1. Przejdź do treści
  2. Przejdź do głównego menu
  3. Przejdź do dalszych stron DW
KulturaAmeryka Północna

Hollywood i jego żydowscy ojcowie-założyciele

Rayna Breuer
30 maja 2022

Podczas gdy w Cannes czerwony dywan jest zwijany, w Hollywood ma zostać rozwinięty – a mianowicie dla żydowskich ojców-założycieli przemysłu filmowego. W Muzeum Oscarów planowana jest upamiętniająca ich stała wystawa.

https://p.dw.com/p/4C3n0
Los Angeles Hollywood-Schriftzug auf Hügel
Historia Hollywood jest historią emigracjiZdjęcie: Toms Auzins/robertharding/IMAGO

Carl Laemmle urodził się w 1867 roku w Laupheim, małym, malowniczym miasteczku w południowo-zachodniej części Niemiec. Dorastał w zamożnym domu i nawiązał silną więź ze swoją matką. Od dawna marzył o tym, by opuścić Stary Kontynent i szukać szczęścia w Nowym Świecie. Jednak dopiero po śmierci ukochanej matki wyjechał z Niemiec i Europy w poszukiwaniu American Dream, amerykańskiego snu. Znalazł go w końcu na Hollywood Hills, Wzgórzach Hollywood.

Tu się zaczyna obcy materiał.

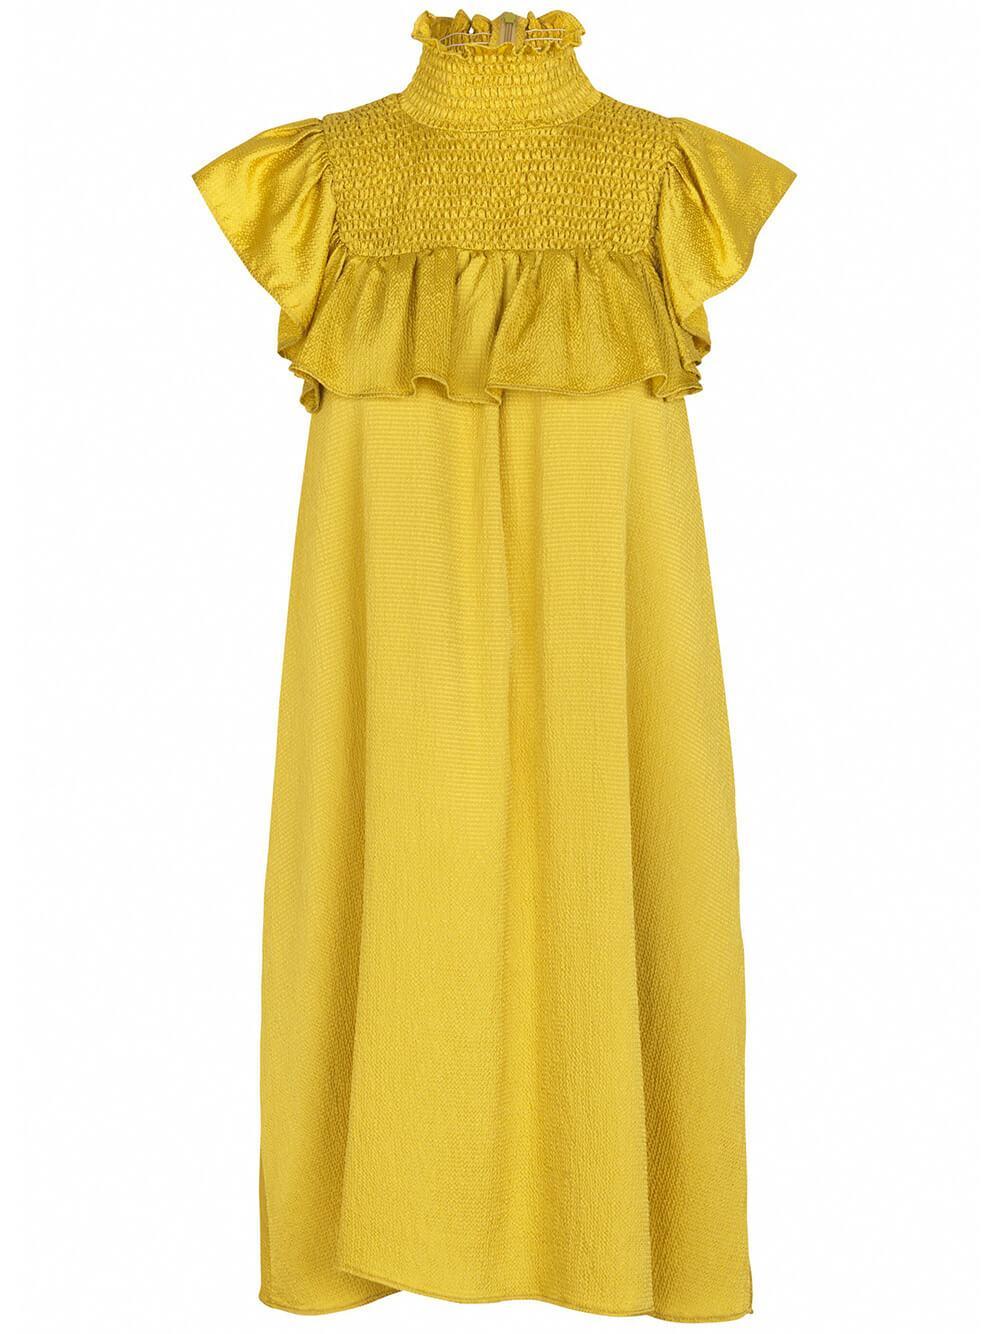 Aelaney High Neck Dress
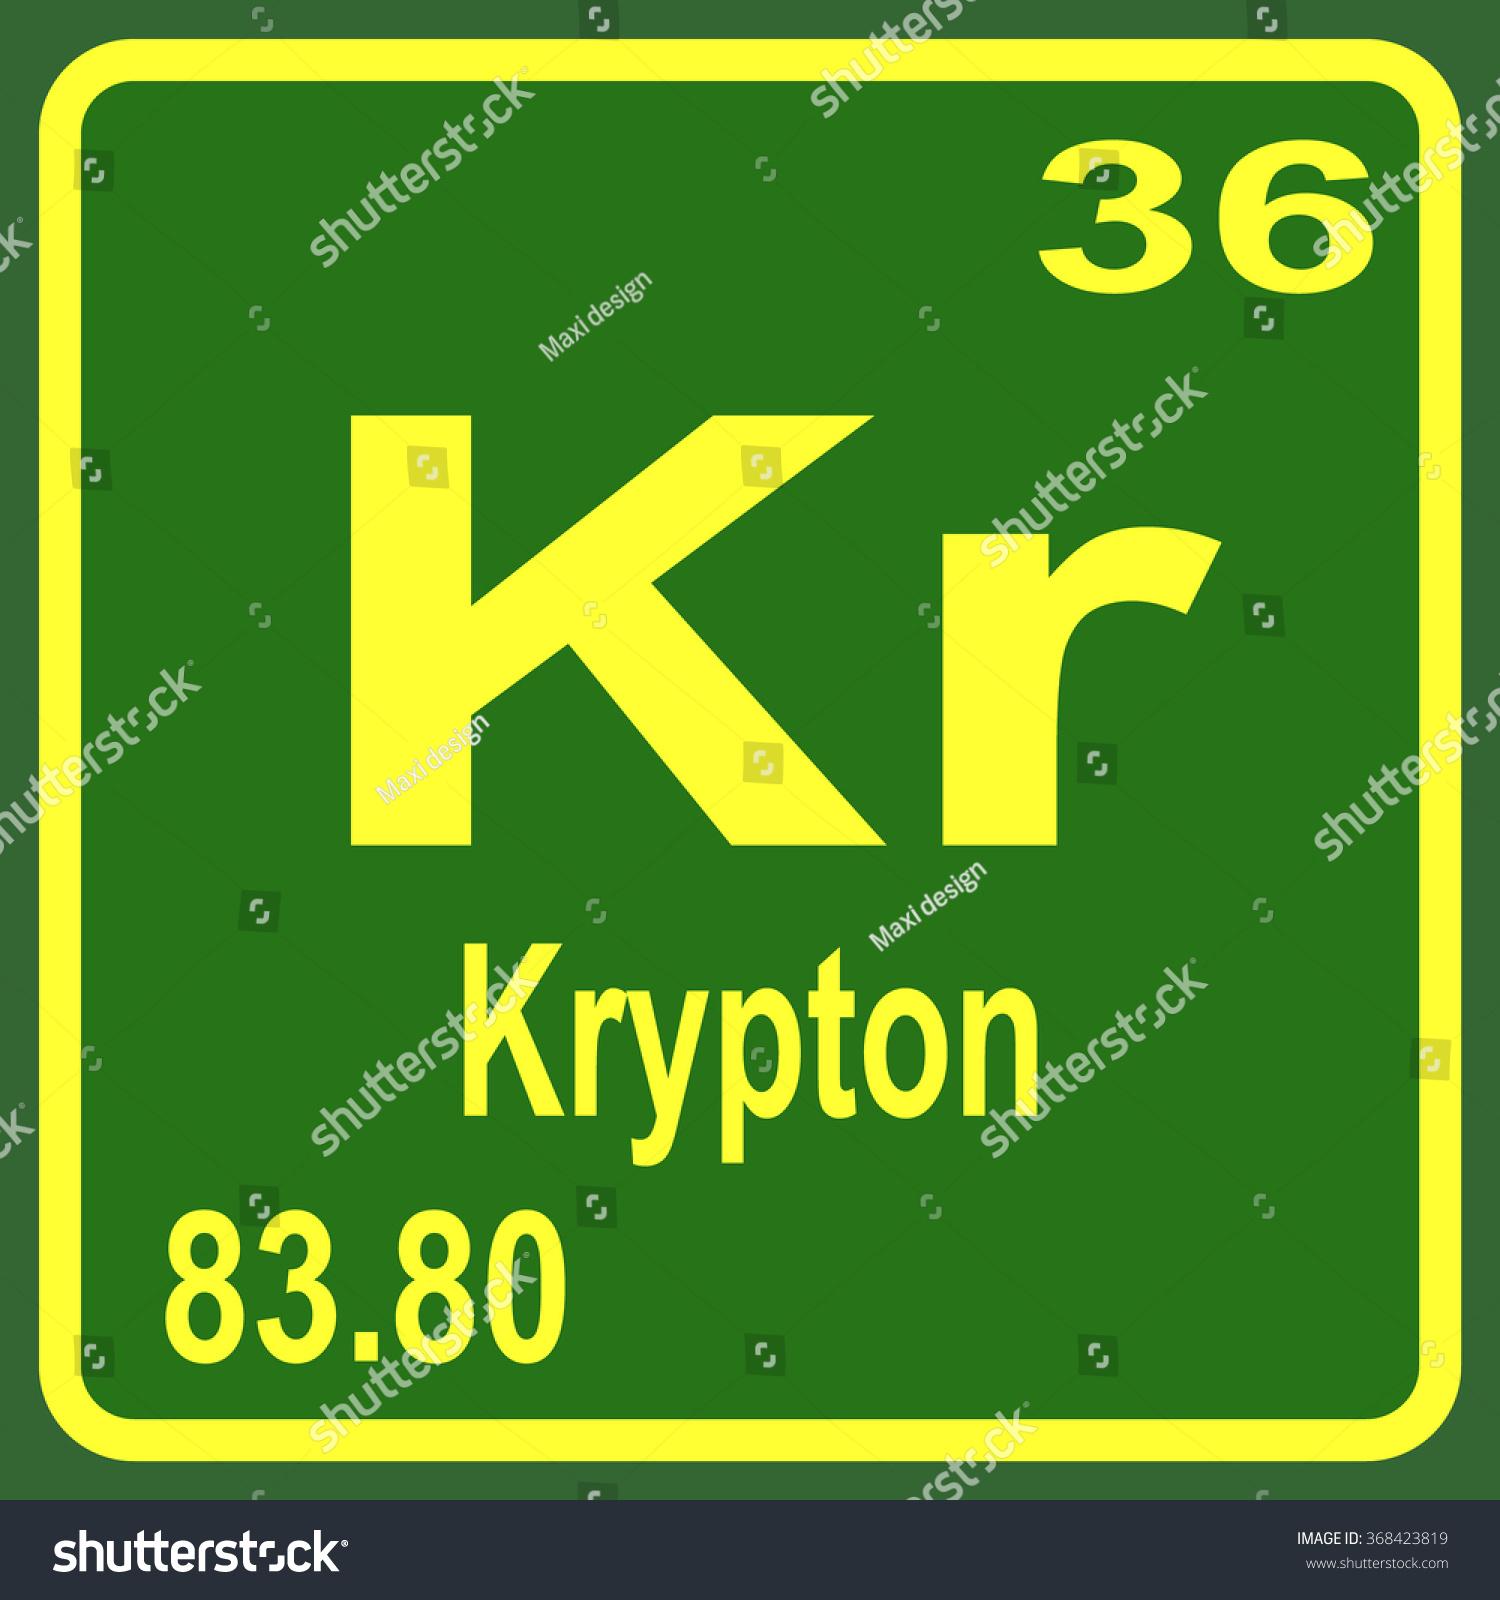 Krypton symbol periodic table image hvac symbol ez go wire diagram periodic table elements krypton stock vector 368423819 shutterstock stock vector periodic table of elements krypton 368423819 gamestrikefo Images

Carl Laemmle i jego liczni współcześni, którzy jako żydowscy emigranci założyli Hollywood i najpotężniejsze do dziś wytwórnie filmowe, od czasu otwarcia jesienią ubiegłego roku nowego Muzeum Hollywood (Academy Museum of Motion Pictures, Muzeum Akademii Filmowej, zwane też Oscar Museum, Muzeum Oscarów) doczekali się tam jak dotąd jedynie niewielkich wzmianek.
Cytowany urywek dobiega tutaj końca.